While profound changes are affecting earth’s biosphere and climate, networked cyberinfrastructure is changing the pace and methods of biodiversity research. Global- and continental-scale environmental issues demand accelerated research strategies, and rapid progress requires timely, global- and continental-scale collaboration. International collaboration with biodiversity and ecological informatics will build the common network protocols for taking on 21st century environmental science challenges. Biodiversity informatics training will be critical to develop the proficiencies needed to build and sustain that shared cyberinfrastructure.

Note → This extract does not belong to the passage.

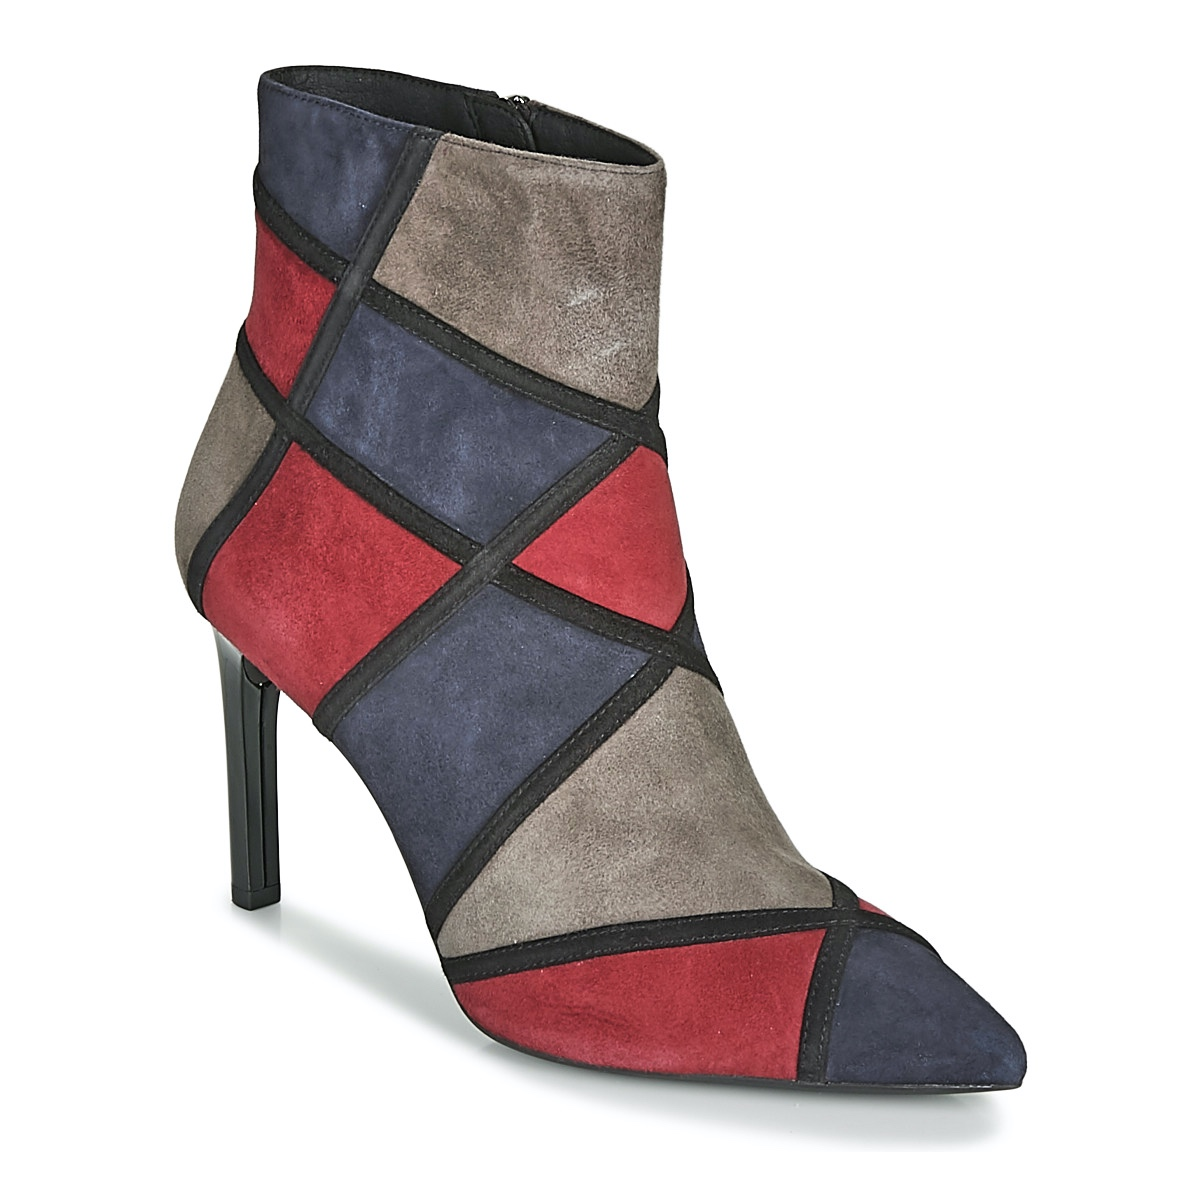 Pesimista Dar una vuelta No complicado  Geox Faviola B Ladies Ankle Boots D948UB Dark Navy Burgundy Multicoloured |  eBay

The PIs propose a Pan-American Advanced Studies Institute (PASI), to be held in early 2007 in Costa Rica, on the theme of: Cyberinfrastructure for International, Collaborative Biodiversity and Ecological Informatics. The PASI will emphasize the development and application of Internet-based cyberinfrastructure tools for environmental research collaboration. The geographical focus area for the PASI is the U.S., Mexico, Colombia, Costa Rica and the other countries of Central America. The PASI is a follow-on activity to a successful international workshop the PIs organized on “Cyberinfrastructure for International Biodiversity Research Collaboration,” held in Panama City on January 10-13, 2006.
The PASI will be a two-week training workshop held at the University of Costa Rica. Twelve lecturers will develop a curriculum of classes comprising several dimensions of leading-edge cyberinfrastructure for biodiversity research. The course will expose 15 graduate-level students from the U.S. and 15 students from the other focus countries to state-of-the-art network and informatics technologies, and will provide hands-on lab exercises for training in the utilization of cyber tools for biodiversity research.
Intellectual Merit: The PASI will address biodiversity and ecological informatics, a research discipline that is building the cyberinfrastructure foundations for environmental research in the 21st century. CI-based research collaboration will likely be a predominant mechanism for investigations in the environmental sciences in the future.
Broader Impacts: The PASI we propose is focused precisely on the broader impacts of engaging biodiversity informatics researchers in the U.S. and Central America to deliver an intensive training exercise in technologies related to research collaboration for Master and Ph.D. students, post docs and junior faculty. The PASI is seen as a next step in a set of international activities aimed at establishing new research and training collaborations among the participating nations.